▸ **Exercise**
Your answer must be the lines of the material below, exactly as written, from its first line through the line with "2 bed house", and no pictures.

▸ **Exercise data**
--- --- ---

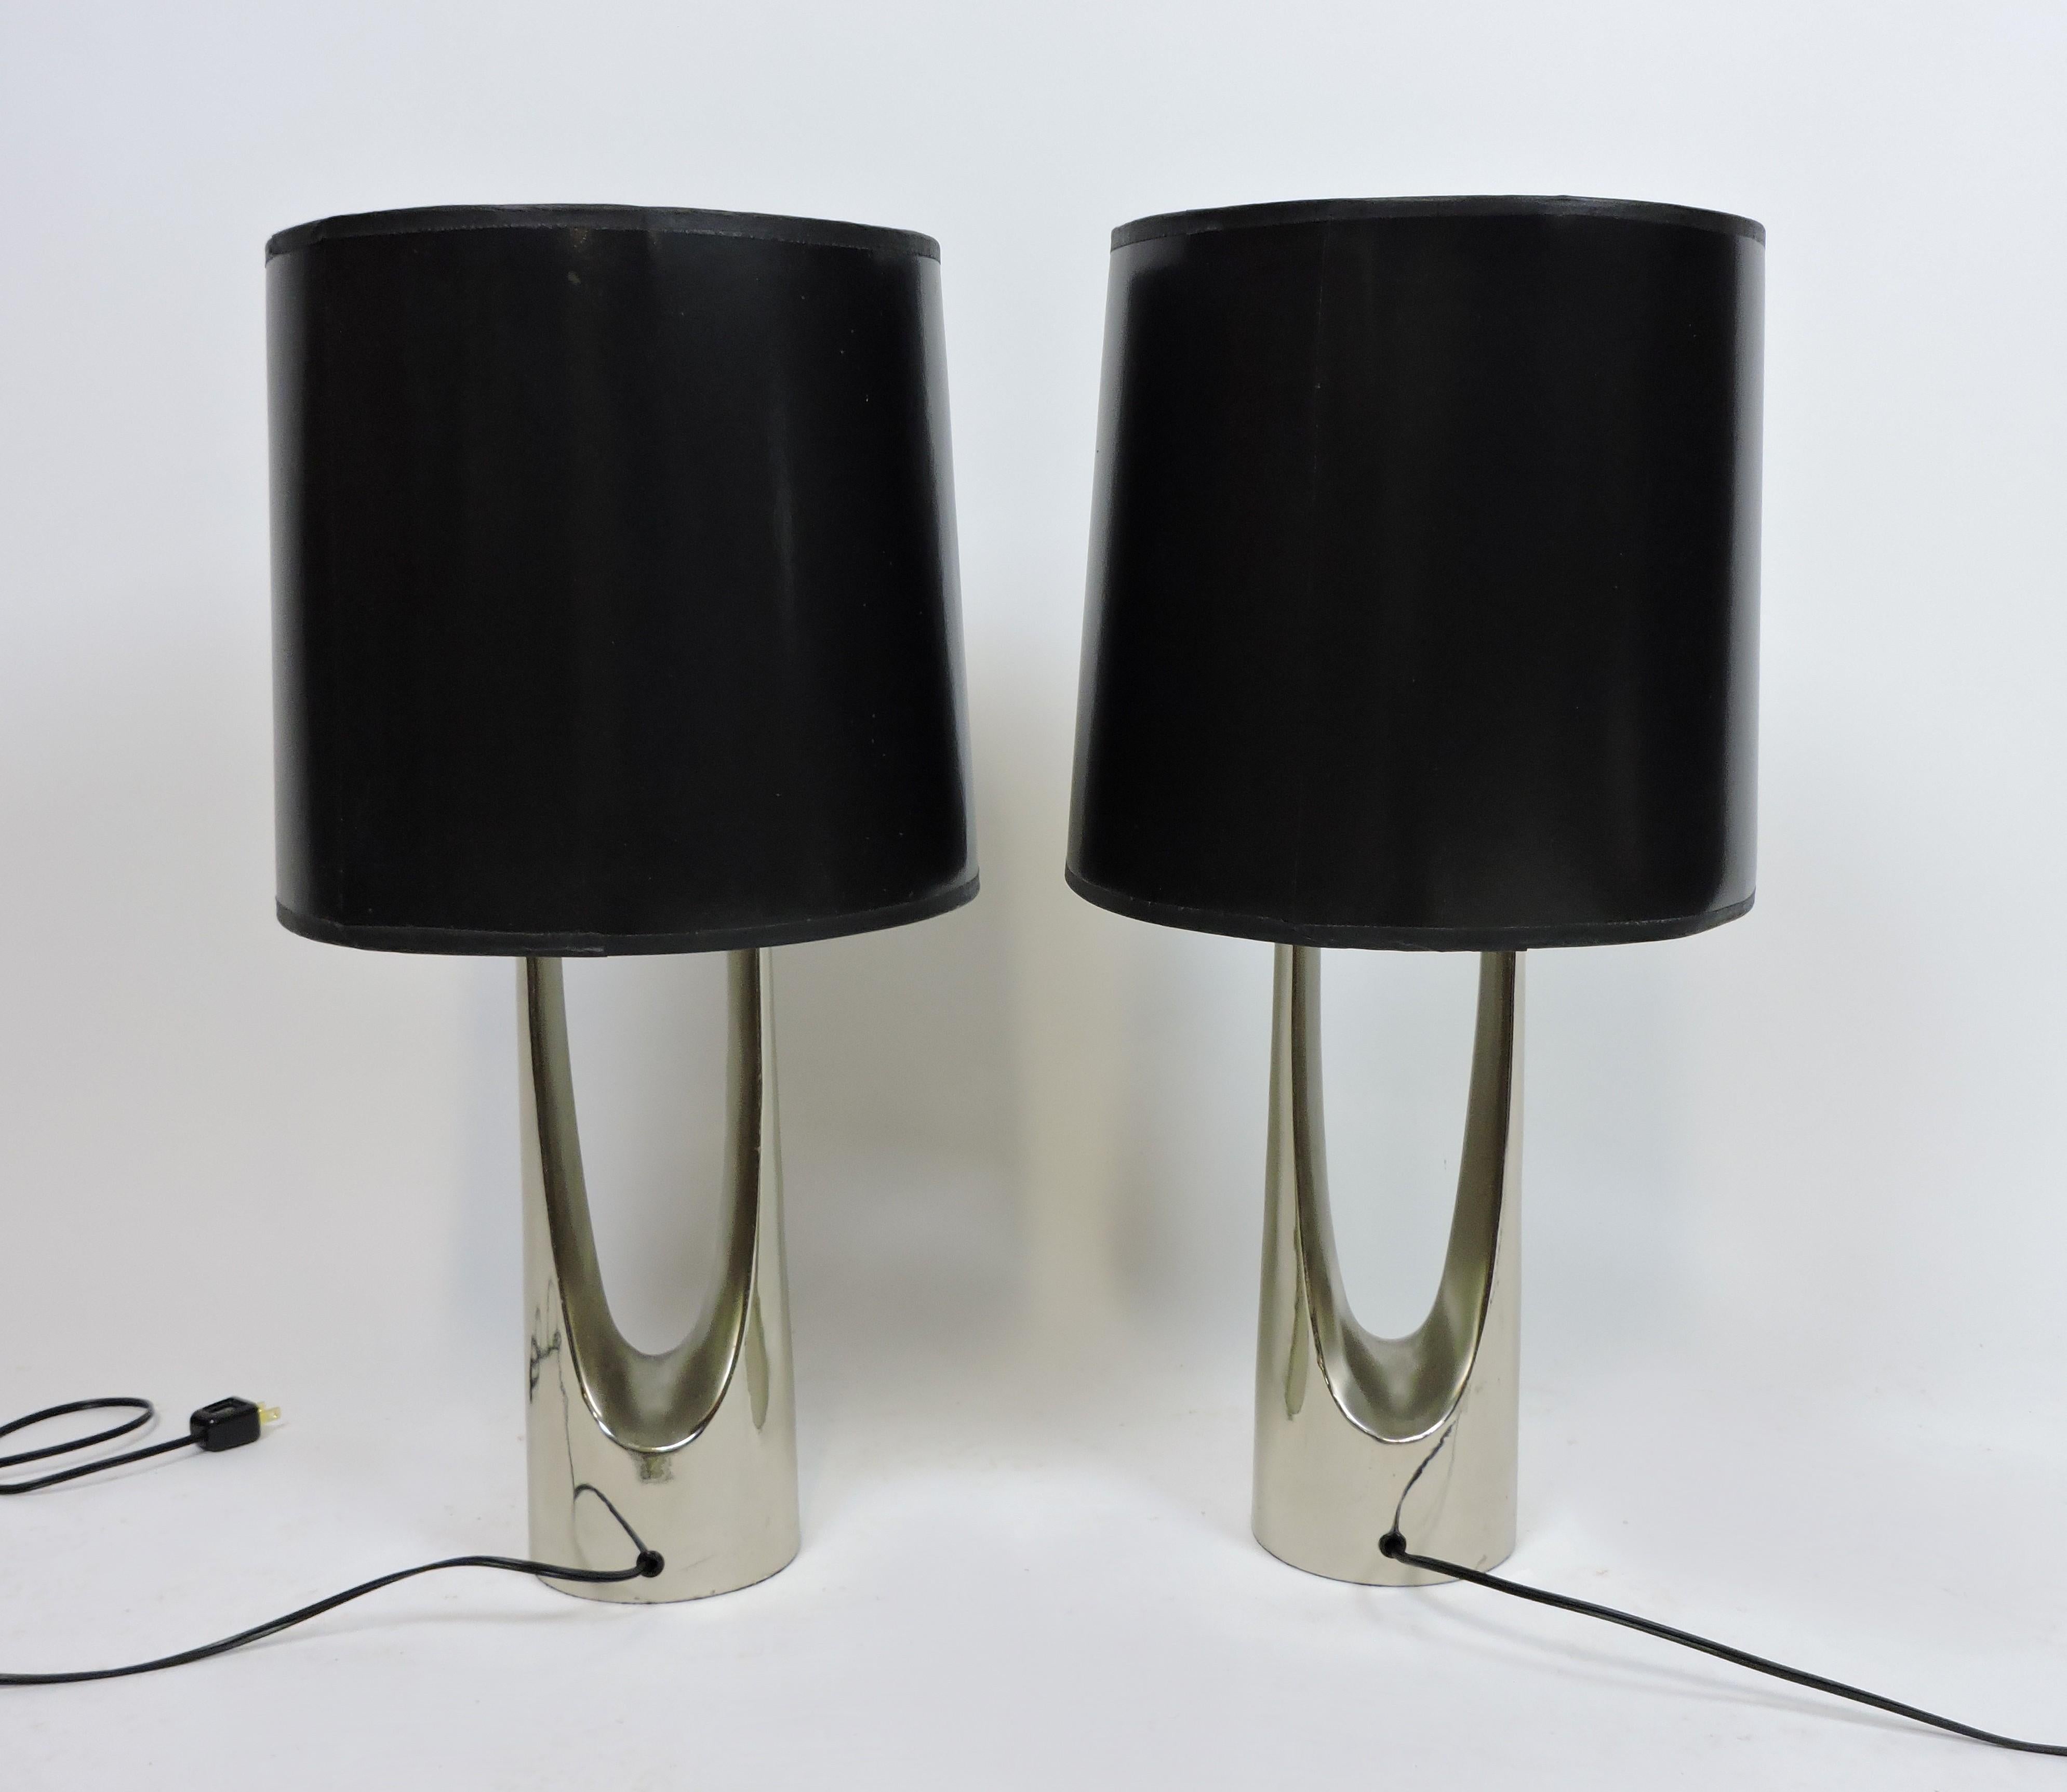 Striking pair of table lamps made by high quality lighting manufacturer, Laurel Lamp Company of Newark, NJ. These heavy and well-made lamps have chrome enamel finished metal bases in a wishbone shape and the original shades and finials. They have
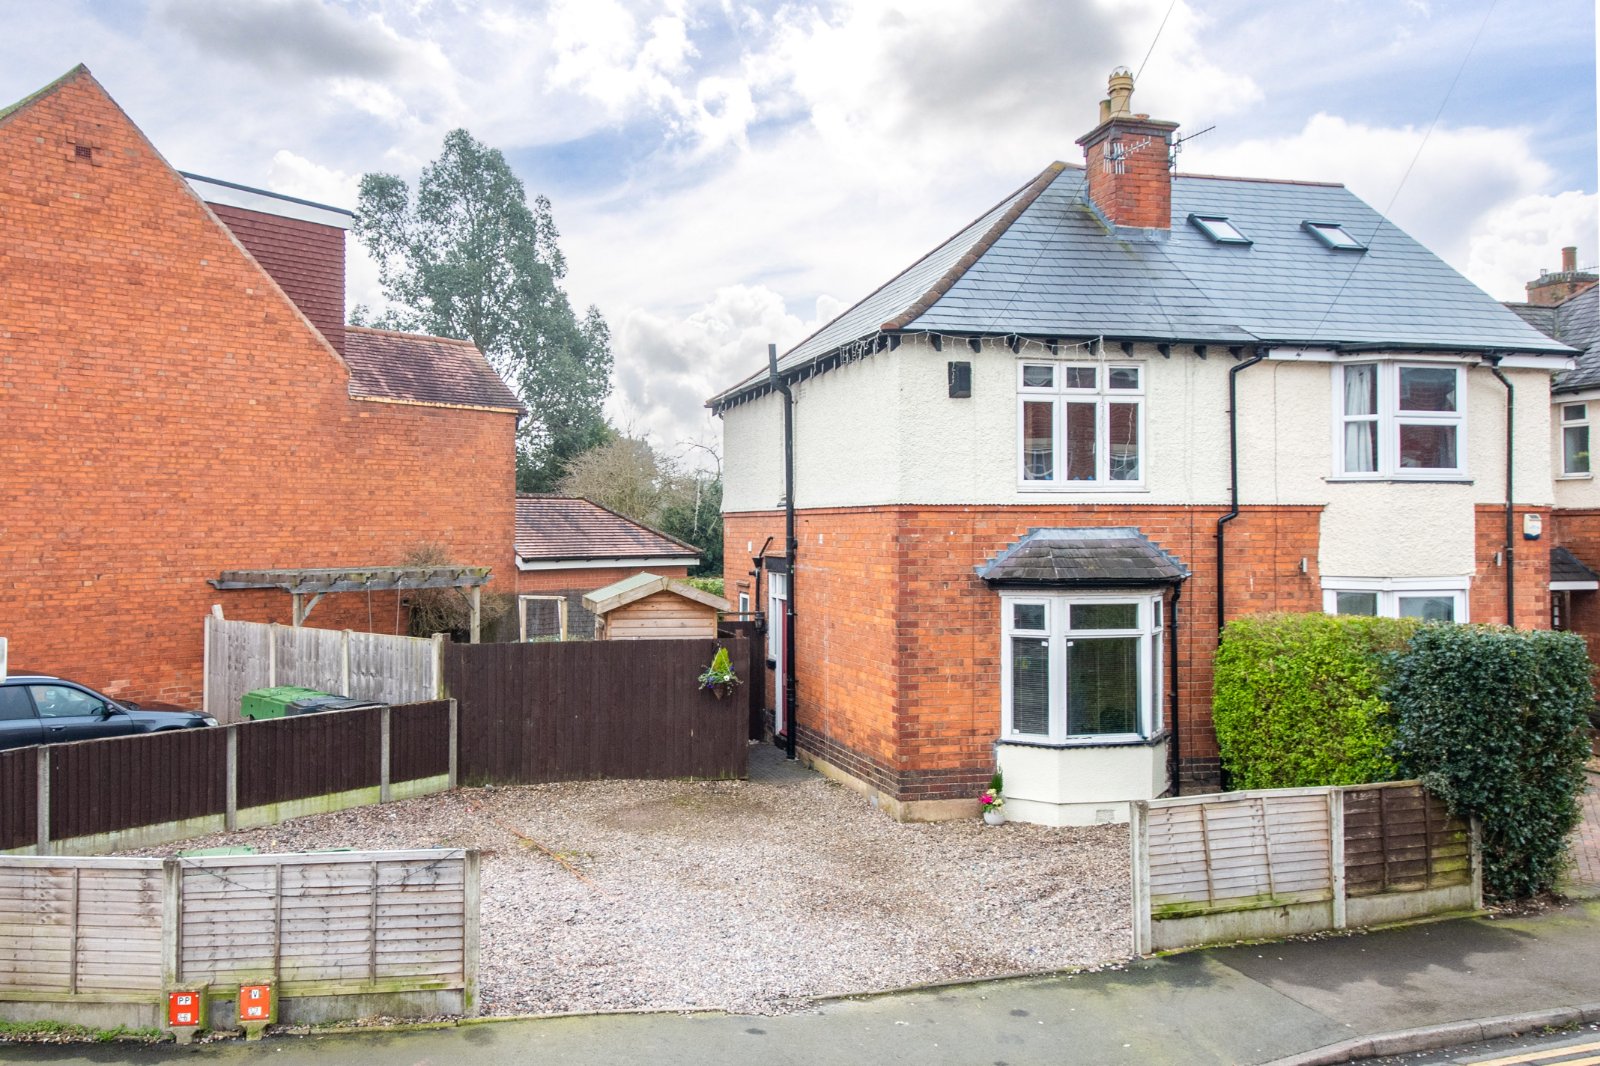 2 bed house for sale in All Saints Road, Bromsgrove - Property Image 1
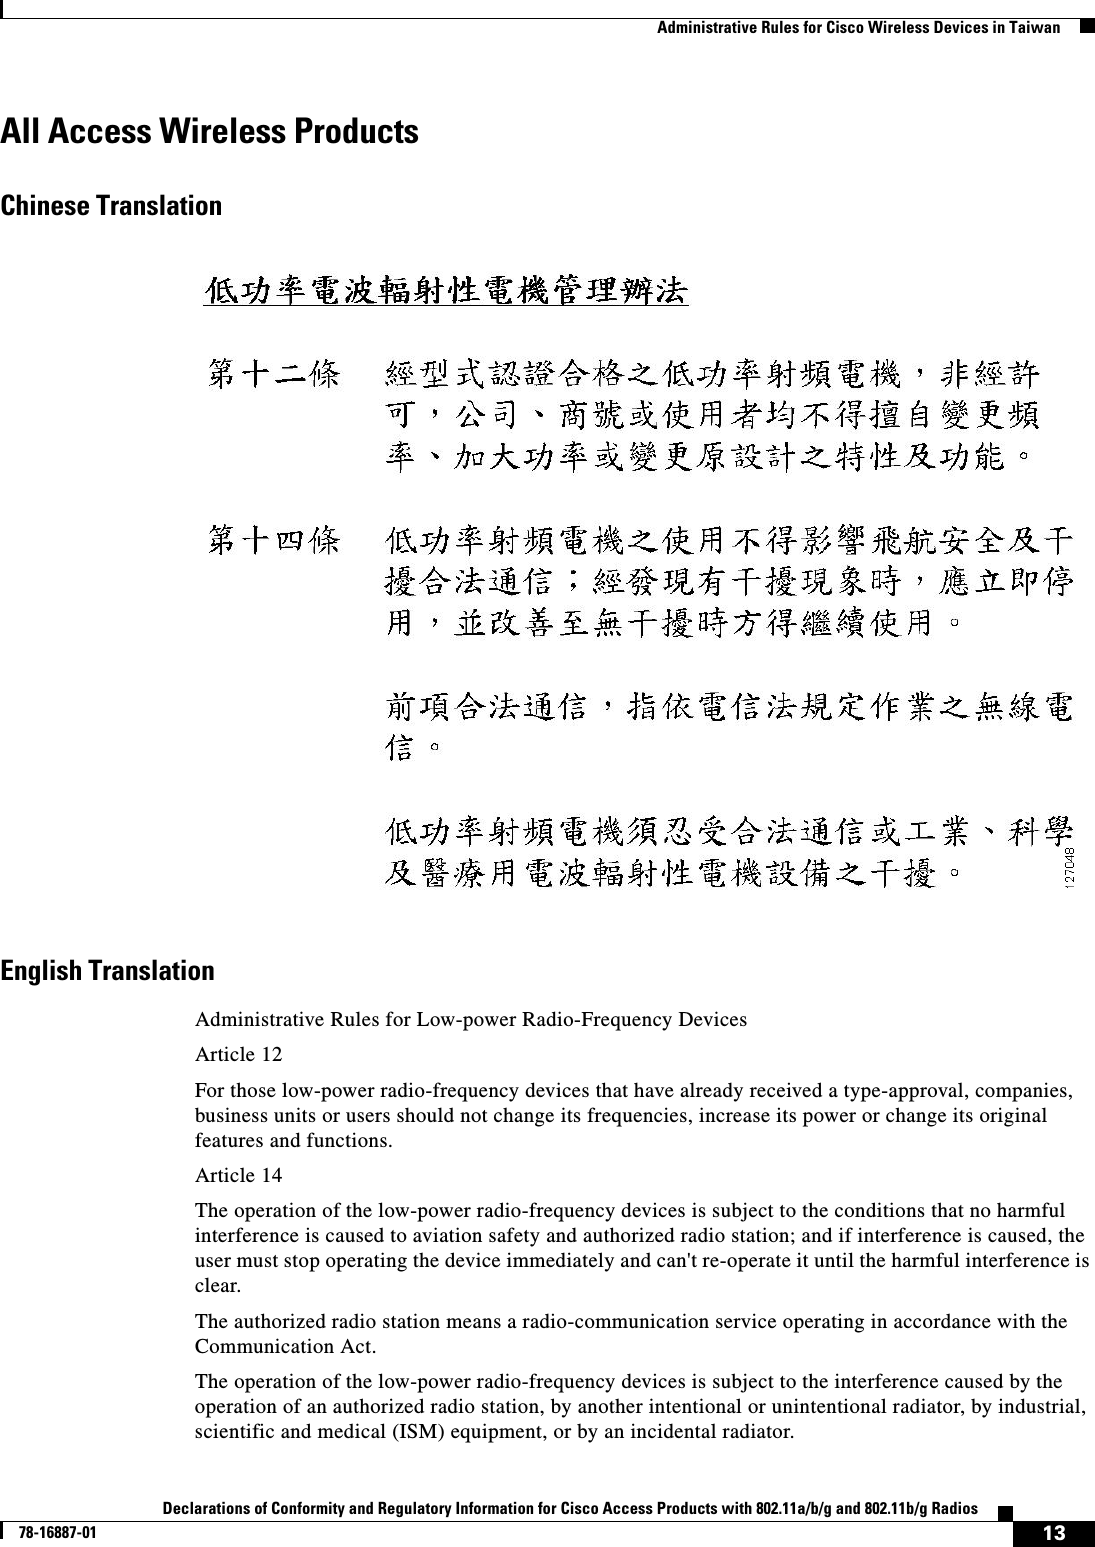  13Declarations of Conformity and Regulatory Information for Cisco Access Products with 802.11a/b/g and 802.11b/g Radios78-16887-01   Administrative Rules for Cisco Wireless Devices in TaiwanAll Access Wireless ProductsChinese TranslationEnglish TranslationAdministrative Rules for Low-power Radio-Frequency DevicesArticle 12For those low-power radio-frequency devices that have already received a type-approval, companies, business units or users should not change its frequencies, increase its power or change its original features and functions.Article 14The operation of the low-power radio-frequency devices is subject to the conditions that no harmful interference is caused to aviation safety and authorized radio station; and if interference is caused, the user must stop operating the device immediately and can&apos;t re-operate it until the harmful interference is clear.The authorized radio station means a radio-communication service operating in accordance with the Communication Act. The operation of the low-power radio-frequency devices is subject to the interference caused by the operation of an authorized radio station, by another intentional or unintentional radiator, by industrial, scientific and medical (ISM) equipment, or by an incidental radiator.

--- --- ---

▸ **Answer for the task**
 Striking pair of table lamps made by high quality lighting manufacturer, Laurel Lamp Company of Newark, NJ. These heavy and well-made lamps have chrome enamel finished metal bases in a wishbone shape and the original shades and finials. They have
 2 bed house for sale in All Saints Road, Bromsgrove - Property Image 1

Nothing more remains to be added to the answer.